RFC 2822 appears to recommend the use of "Re:" regardless of language.  It is 
silent on use of Fwd:

    The "Subject:" field is the most
    common and contains a short string identifying the topic of the
    message.  When used in a reply, the field body MAY start with the
    string "Re: " (from the Latin "res", in the matter of) followed by
    the contents of the "Subject:" field body of the original message.
    If this is done, only one instance of the literal string "Re: " ought
    to be used since use of other strings or more than one instance can
    lead to undesirable consequences.

The above paragraph suggests that the prefix Re: is special and that when 
present, the string "Re:" should not appear elsewhere on the subject line.  
Unfortunately the MAY in the above makes it unclear as to the exact meaning of 
the text or if a requirement is being imposed.  I assume "other strings" means 
alternative strings with the same meaning as Re:, e.g. translations.

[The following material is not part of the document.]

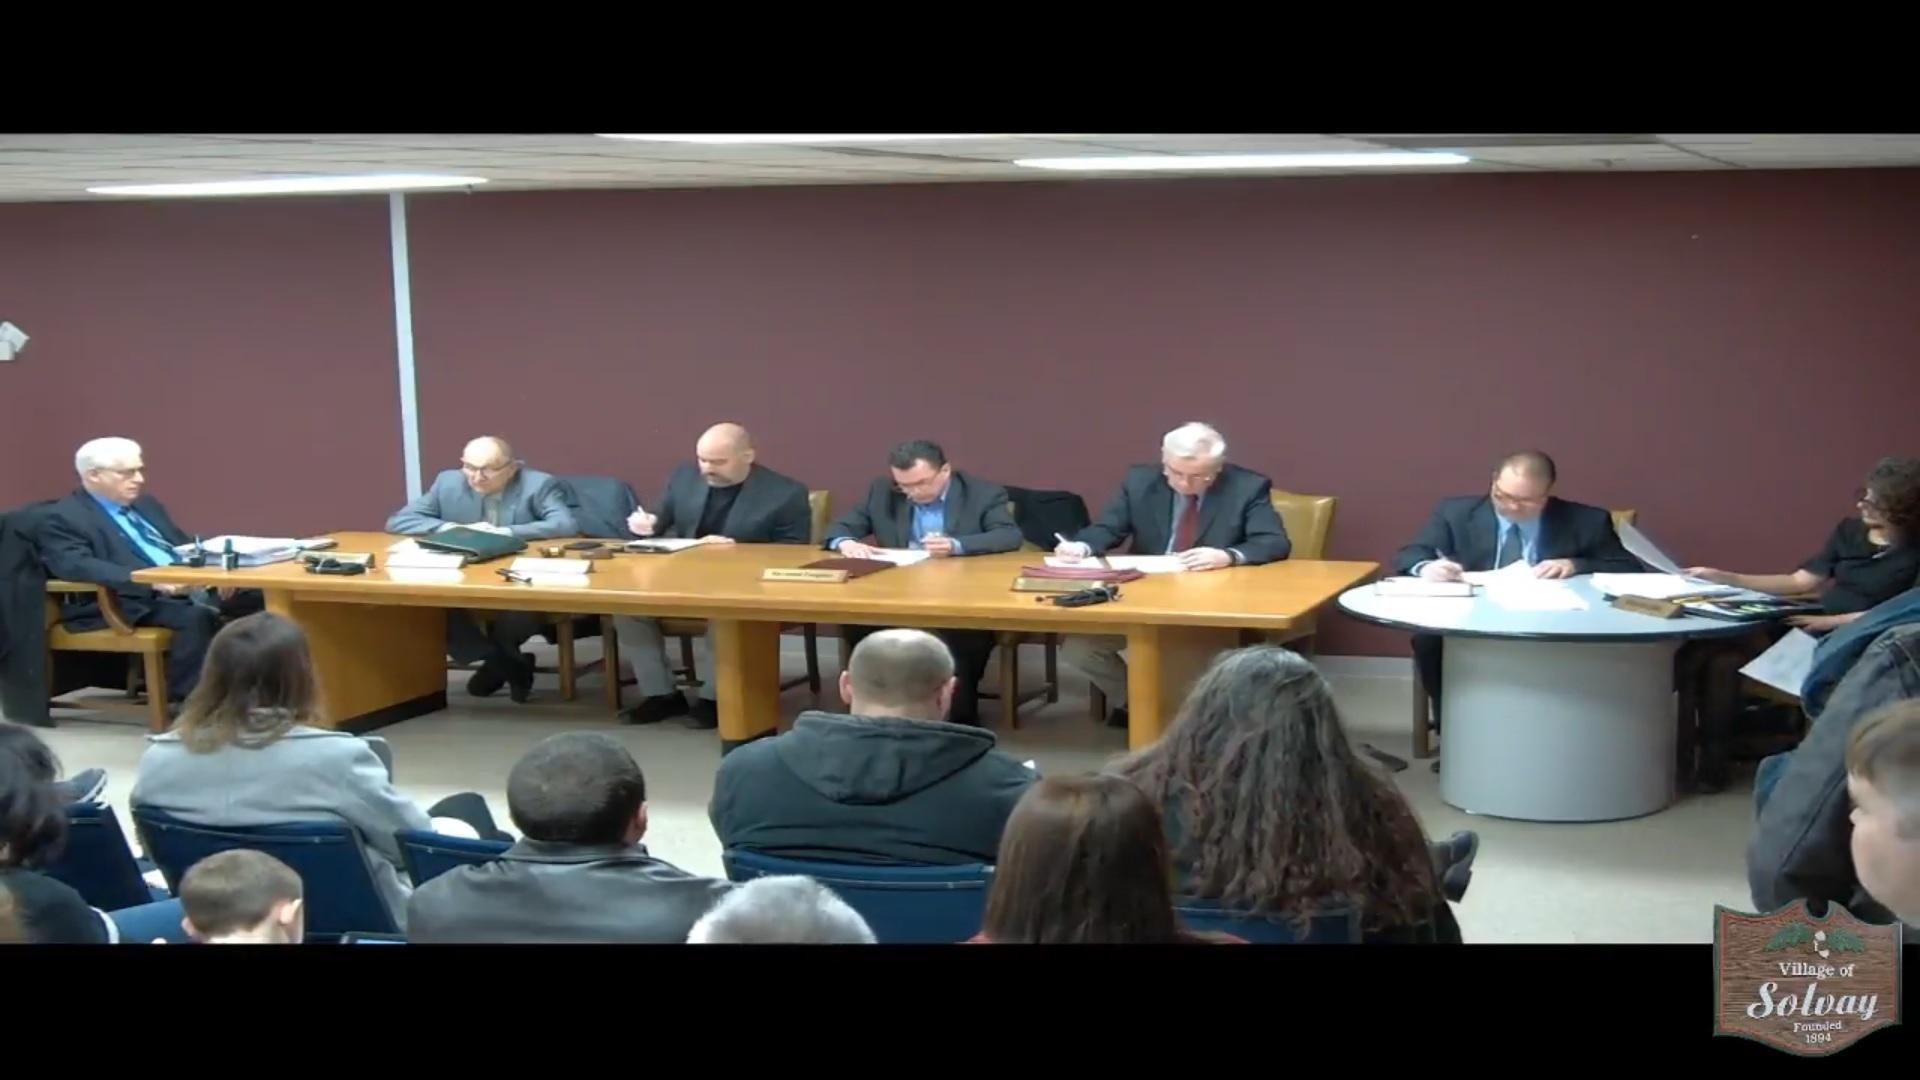 Village of Solvay Special Board-Organizational Meeting January 7 2020
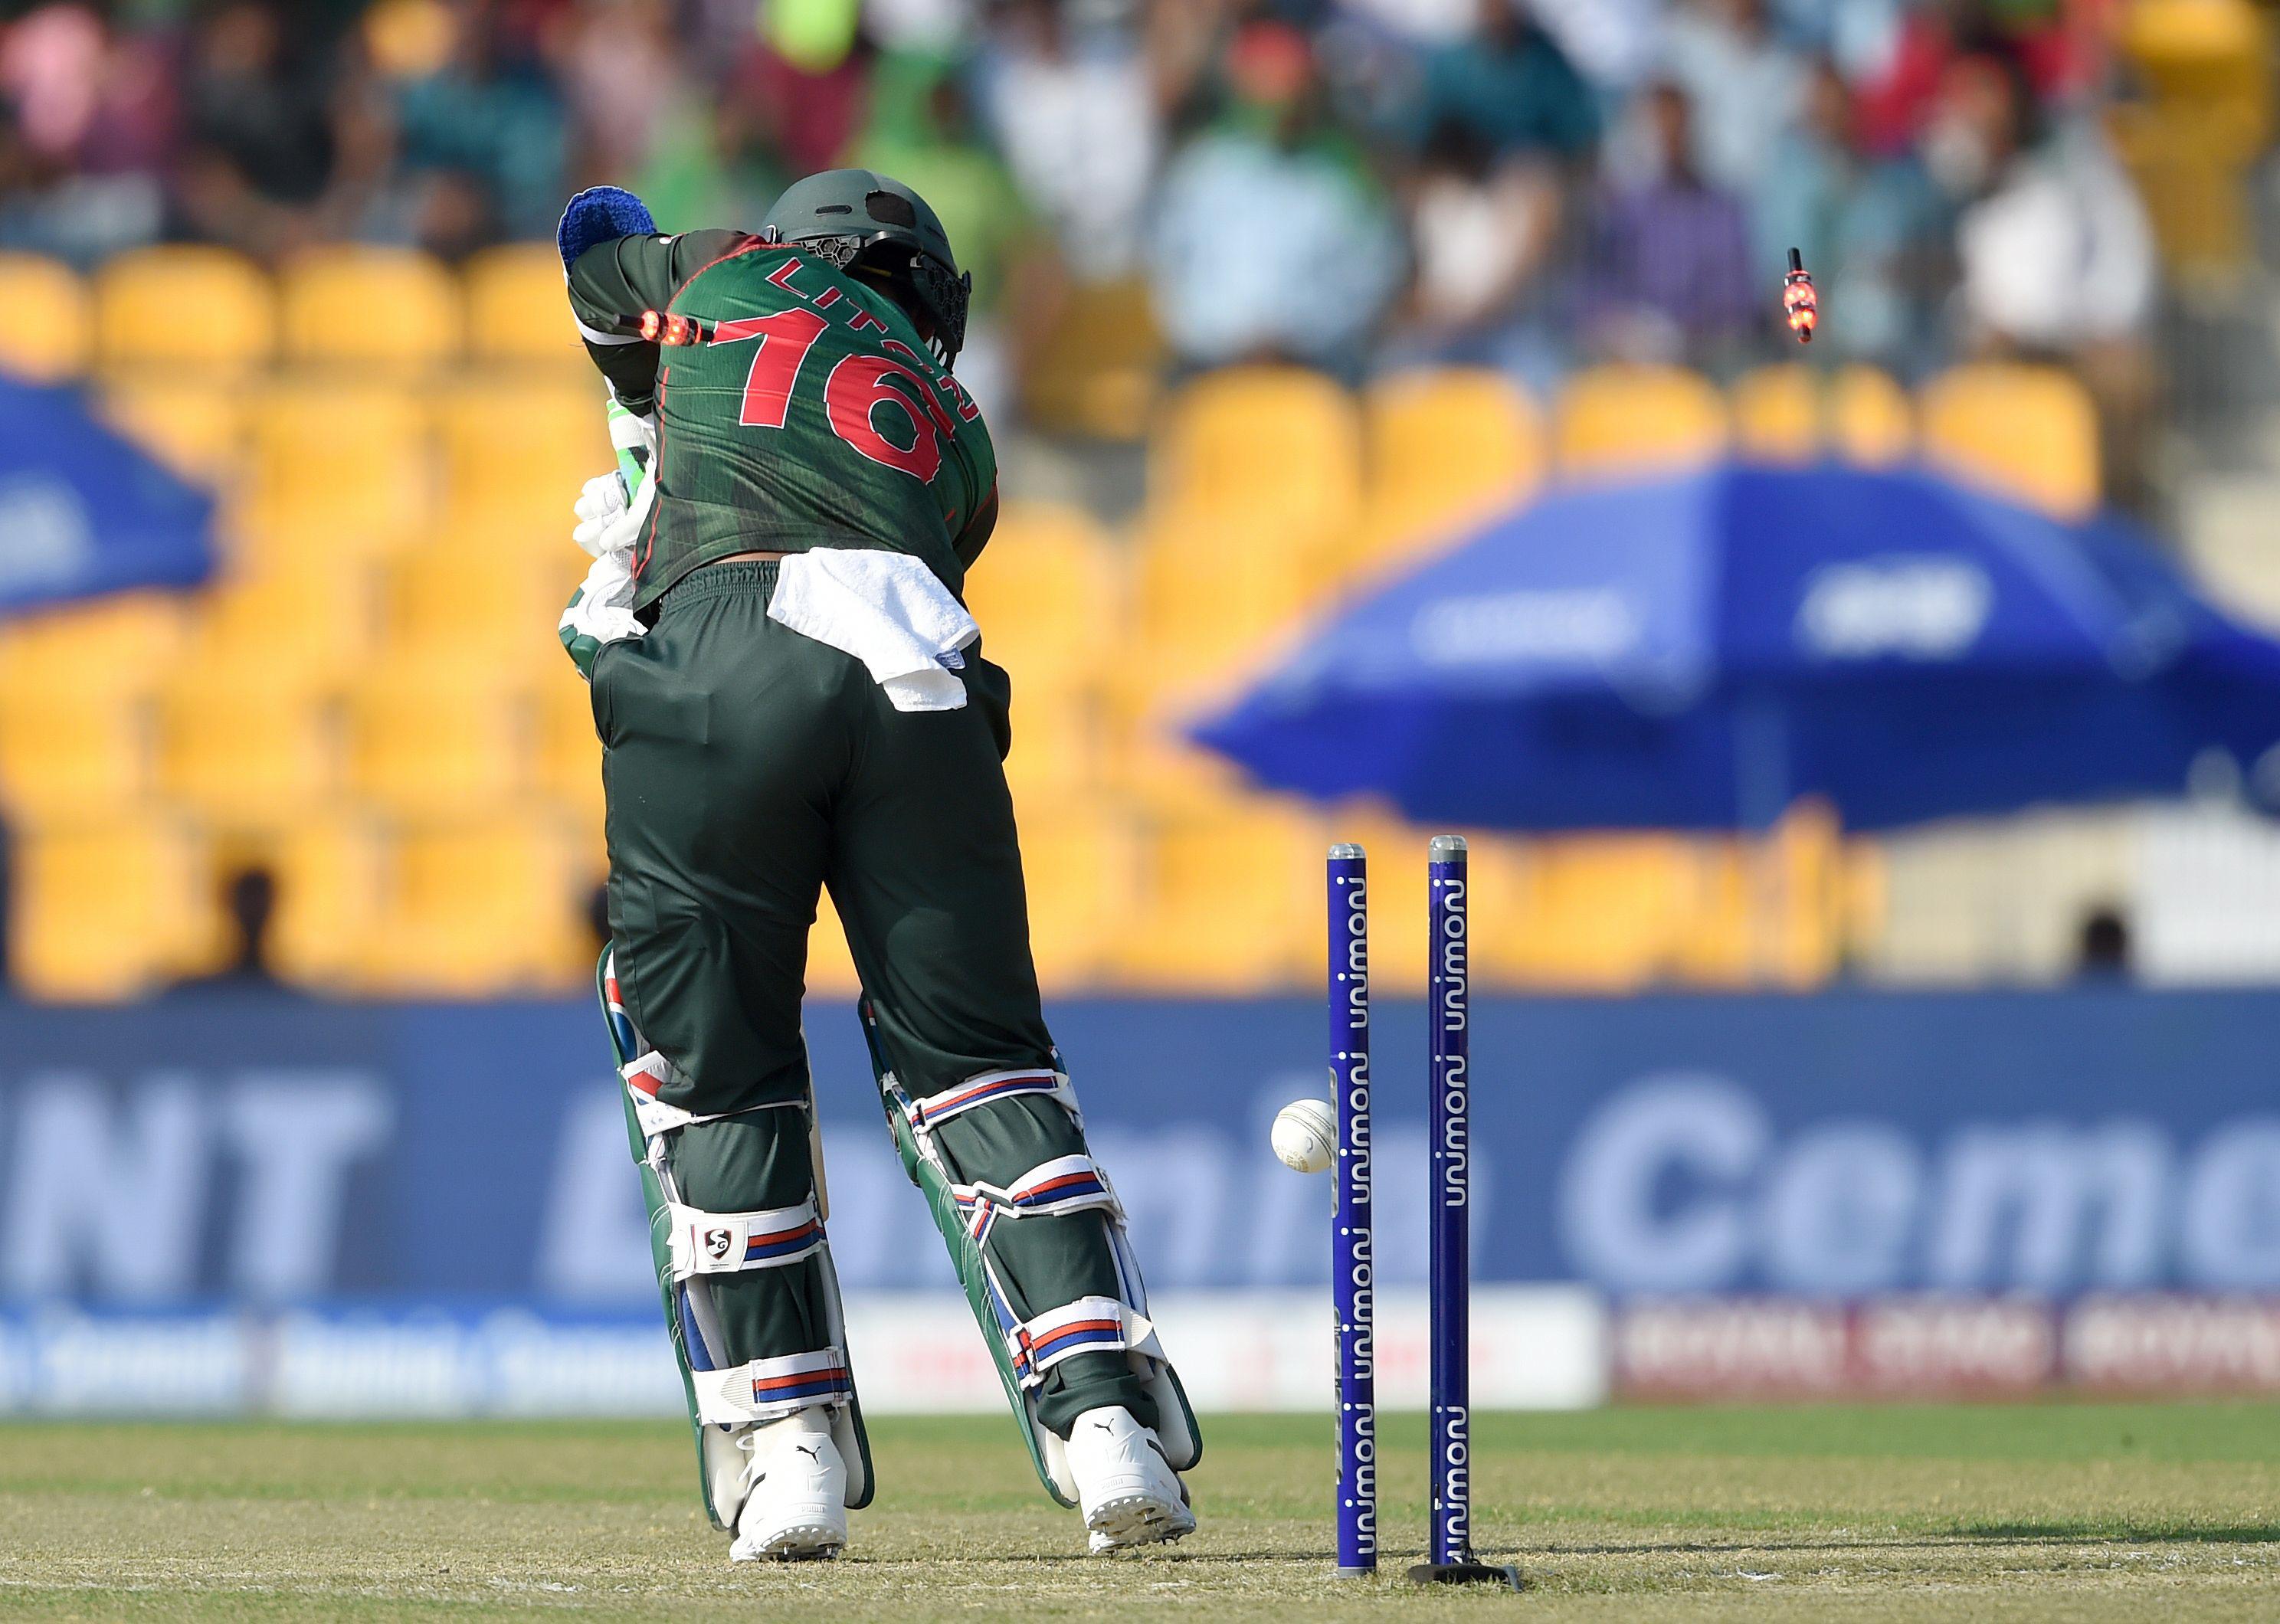 Bangladesh batsman Liton Das is dismissed by Pakistan cricketer Junaid Khan

It is a shame the language here is so vague - IMO, the requirements  should 
have been stated as imperatives if there is a potential interoperability issue 
or not at all.

IIRC, when this was discussed in the IETF drums WG, the intention was to 
assist automated processors to spot the Re: prefix; e.g. an MUA might use Re: 
to thread the messages by their subject line, translate the prefix to the 
user's language or clean up the Re:* mess before sending a message.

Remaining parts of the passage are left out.